By Joice Alves, Vincent Flasseur and Samuel Indyk
LONDON (Reuters) – Paris’s luxury stock market is now worth more than London’s. But while size matters, there are other indicators pointing to the UK capital’s popularity with investors.
While the UK has seen a larger exodus from equity funds since 2020 than in Paris, companies have raised more money in London initial public offerings (IPOs) and more and more Shares change hands in UK markets every day.
France’s CAC All Shares index is now worth nearly $3 trillion, making it Europe’s largest stock market by value thanks to demand for its luxury blue chips.
London’s FTSE All-Share Index, meanwhile, is worth $2.8 trillion, according to data from Refinitiv.
Closing the gap https://graphics.reuters.com/FRANCE-BRITAIN/jnpwyexdlpw/chart.png
So far in 2022, funds investing in UK equities have seen record outflows of €23bn, according to Refinitiv Lipper, up from nearly €18bn last year and €14.6bn. euros lost in 2016 when Britain voted to leave the European Union.
Annual outflows from French equity funds are much lower – at 2 billion euros this year.
Bye London, goodbye Paris Bye London, goodbye Paris https://graphics.reuters.com/FRANCE-BRITAIN/lgpdkwnzbvo/chart.png
But London remains a much bigger destination in terms of number and volume of IPOs, even with IPO volumes down 80% in Europe this year compared to last year and more than 90% in the United States, according to Dealogic.
After recording its second strongest year for corporate listings since 2007 in 2021, the London Stock Exchange saw 41 debuts with a total transaction value of 1.18 billion euros ($1.22 billion) so far in 2022, more than double the 474 million euros raised in 11 IPOs in Paris, according to Dealogic.
Amsterdam – Europe’s largest center by average daily traded value according to CBOE data – has seen only two IPOs so far this year for a total of 411 million euros, according to Euronext.

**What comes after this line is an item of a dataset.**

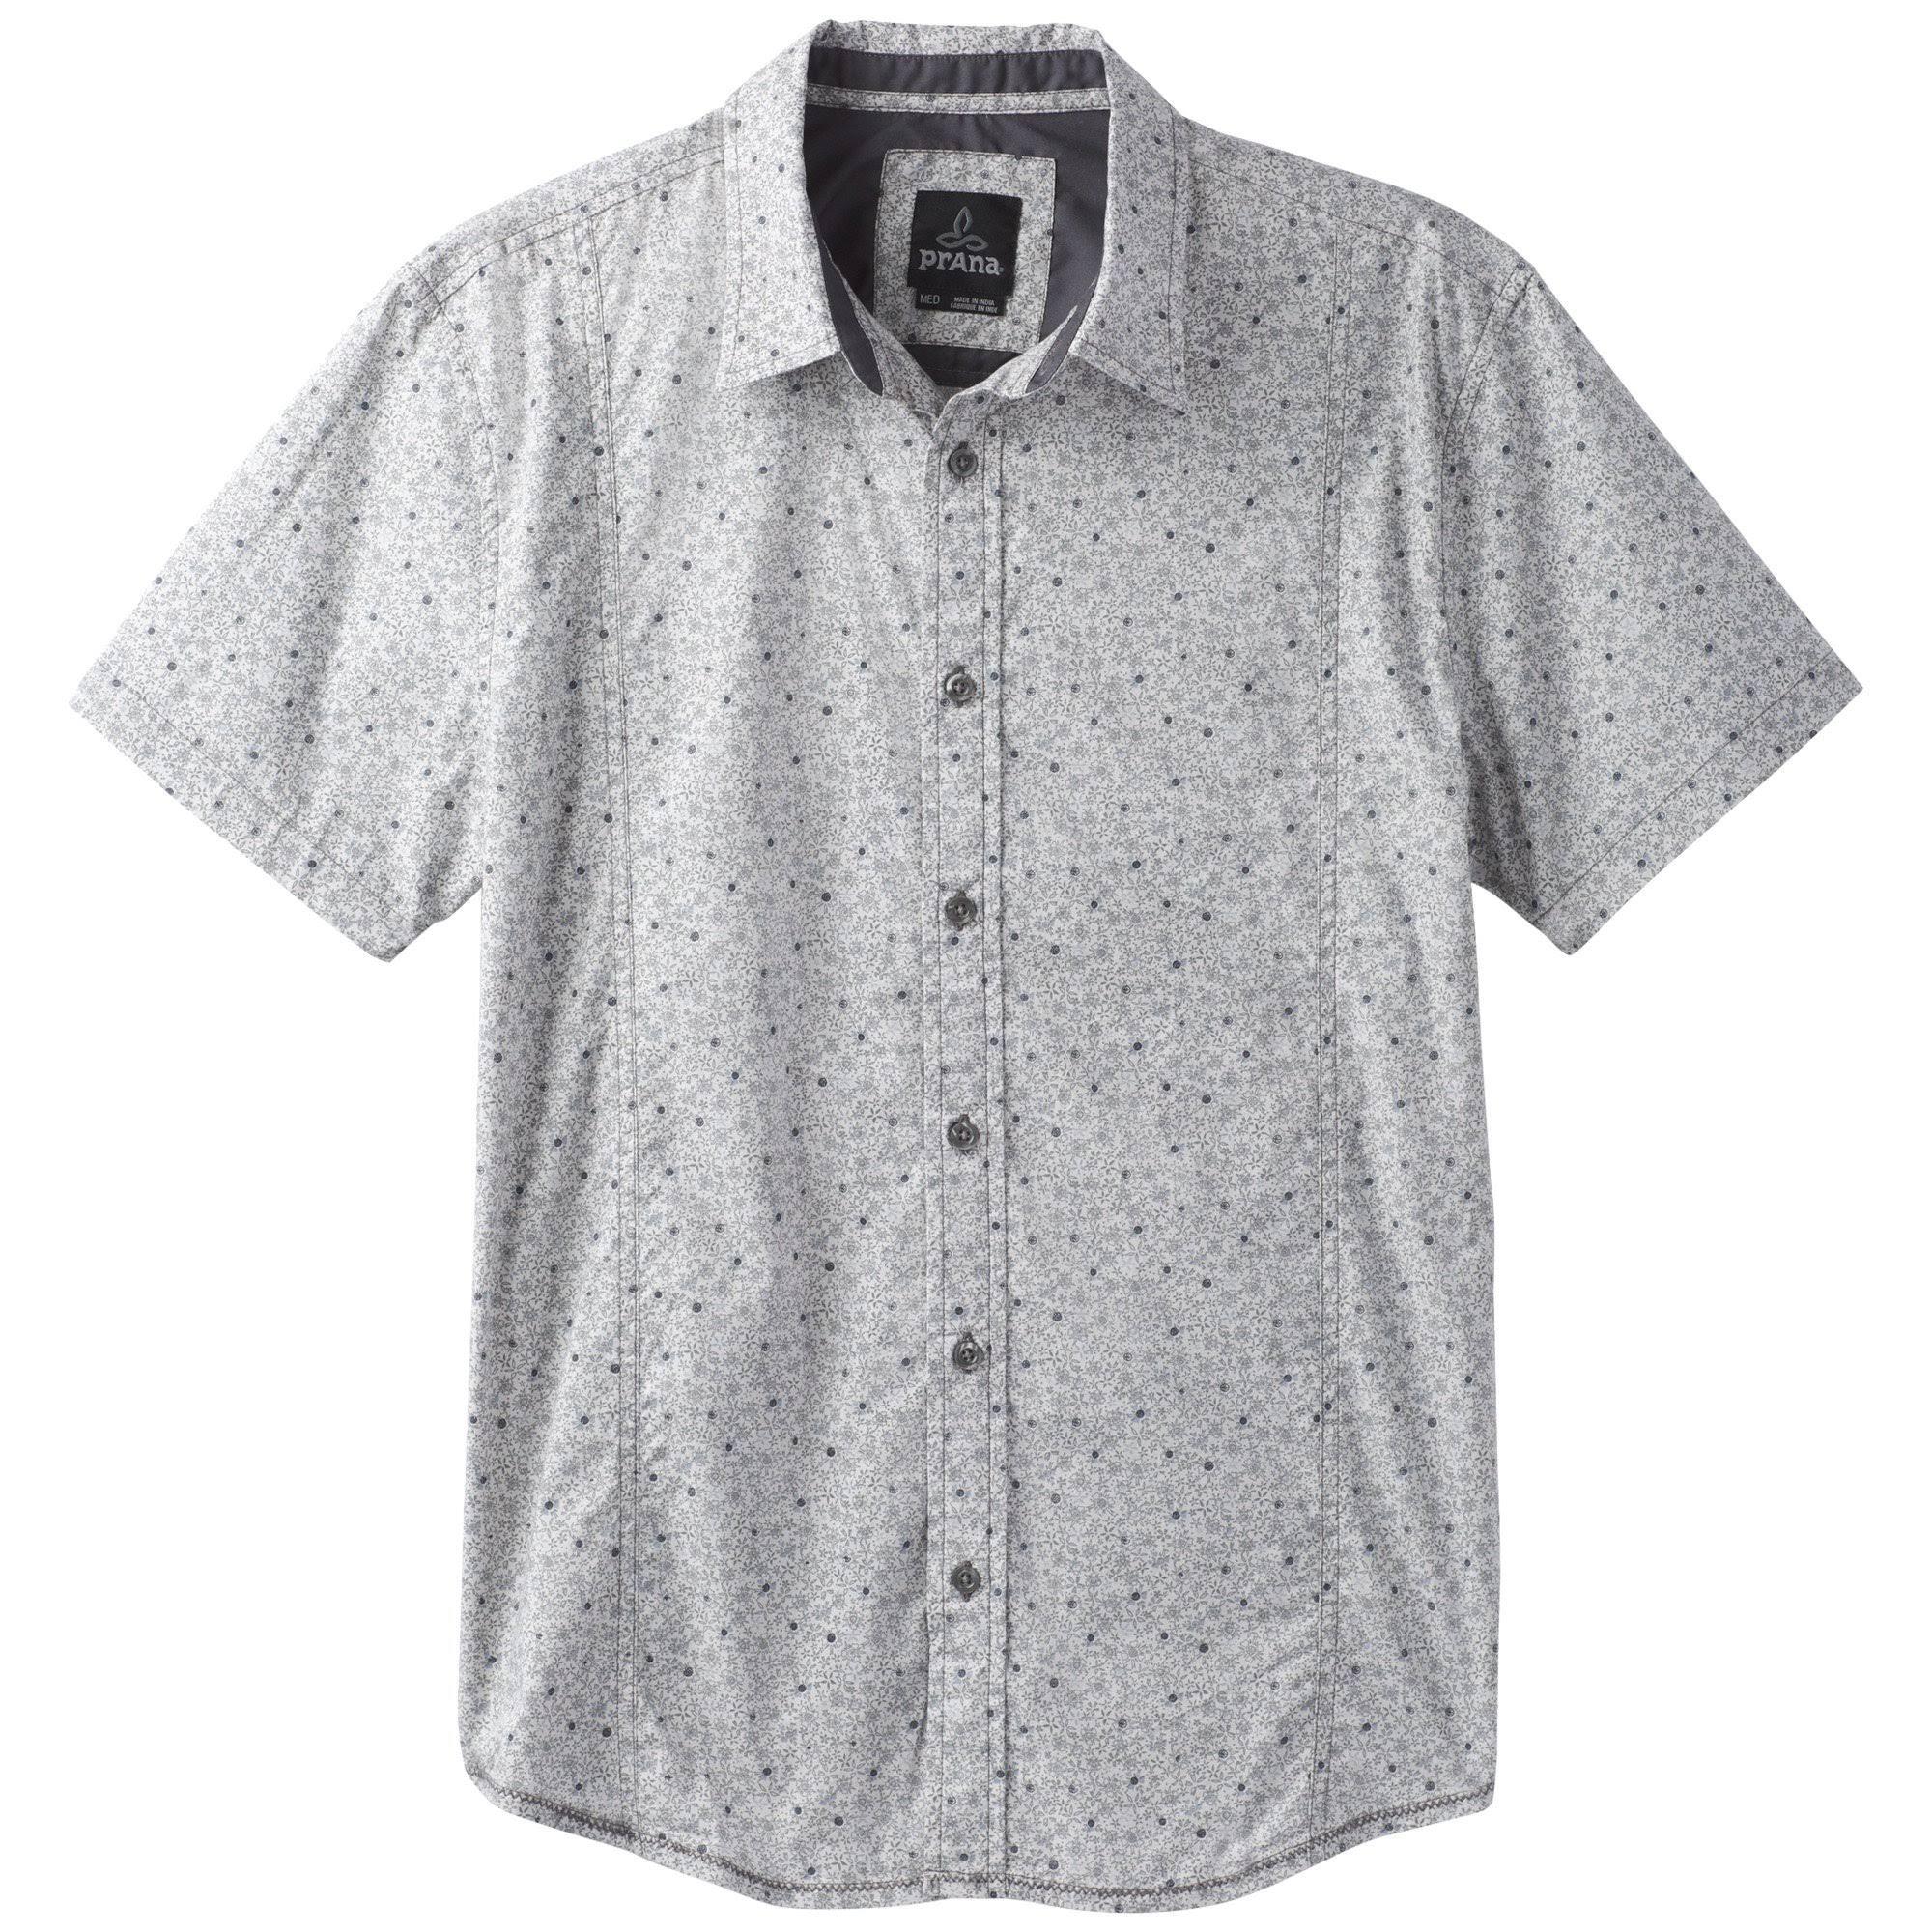 Hombre Lukas M Prana Grava Camisa t0v5wfxqn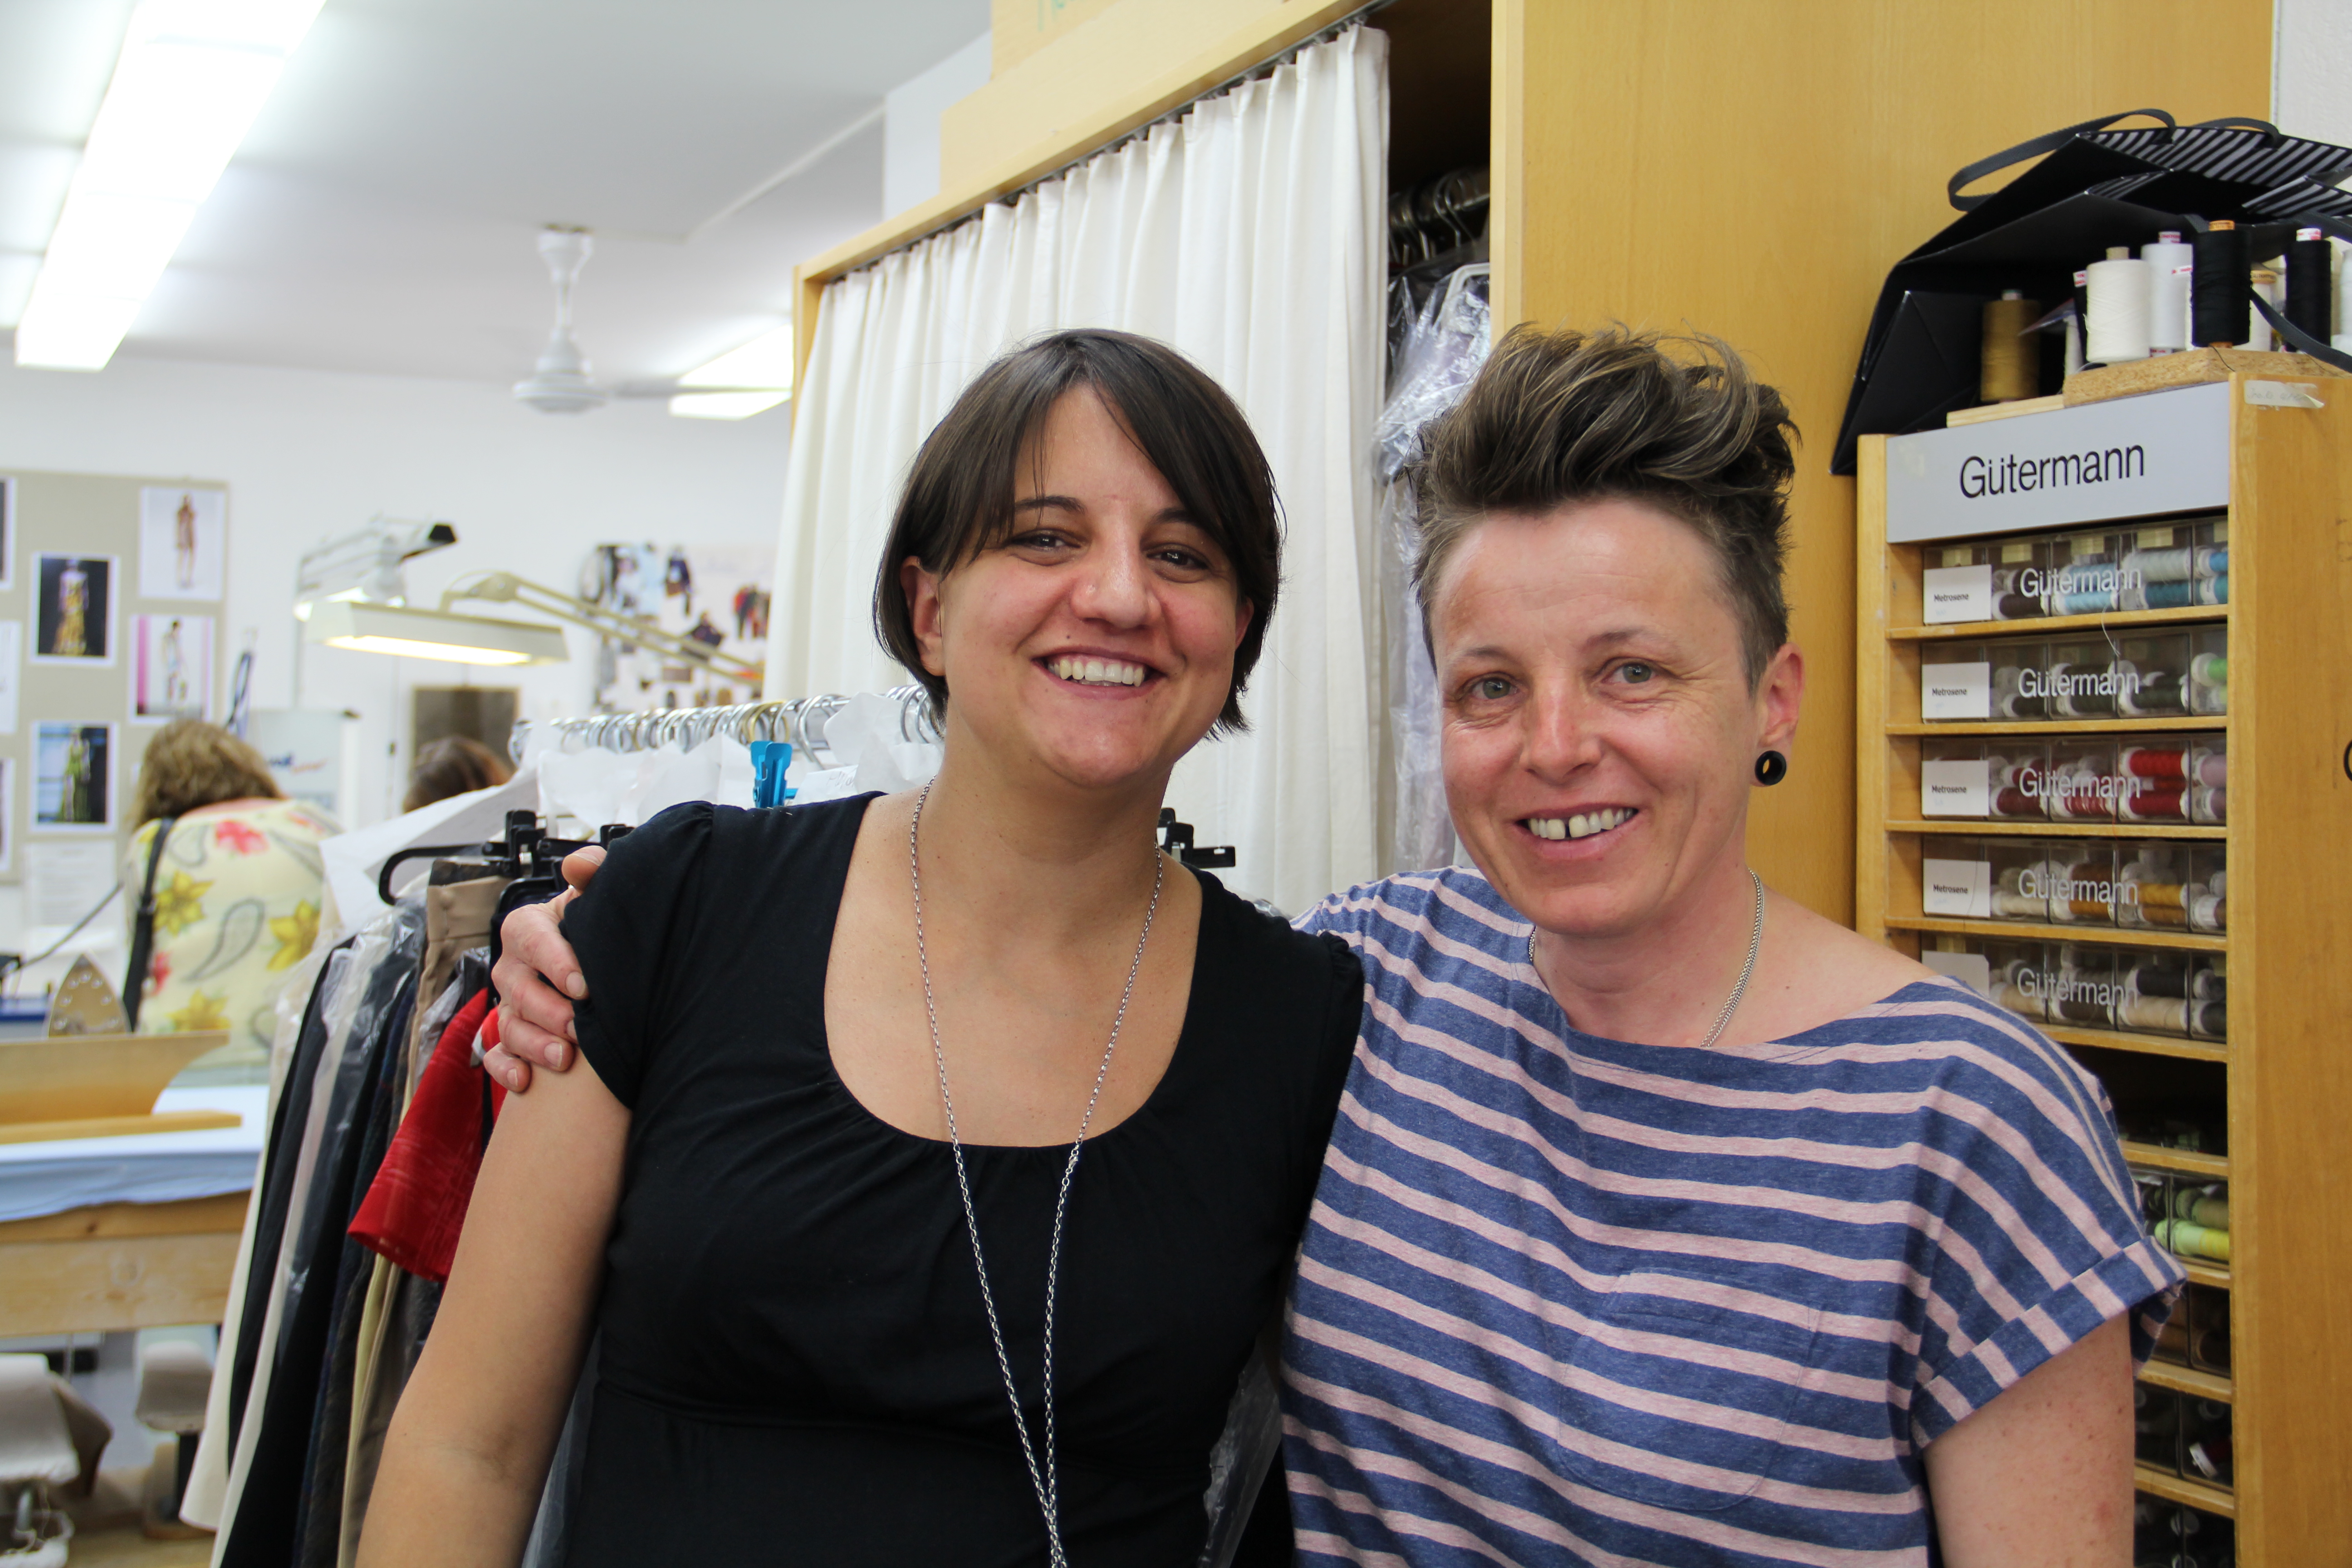 Irena Blumenthal, la menadra da l'atelier e Jacqueline Cavegn dil Laki mi.

More London IPOs https://graphics.reuters.com/LONDON-PARISIPO/dwvkdrzbqpm/chart.png
In a volatile stock market environment, Paris can count on significant private equity stakes in its companies to provide some stability.
The average free float for French large caps is around 70% and for smaller companies around 50%, according to Euronext, well below London where the average free float of the FTSE All-Share index is almost 90%. of total shares outstanding, according to Refinitiv.
“For an institutional investor, from an investability perspective, the amount of free float that still exists, the UK is still much more important,” said Ben Laidler, global macro strategist at eToro.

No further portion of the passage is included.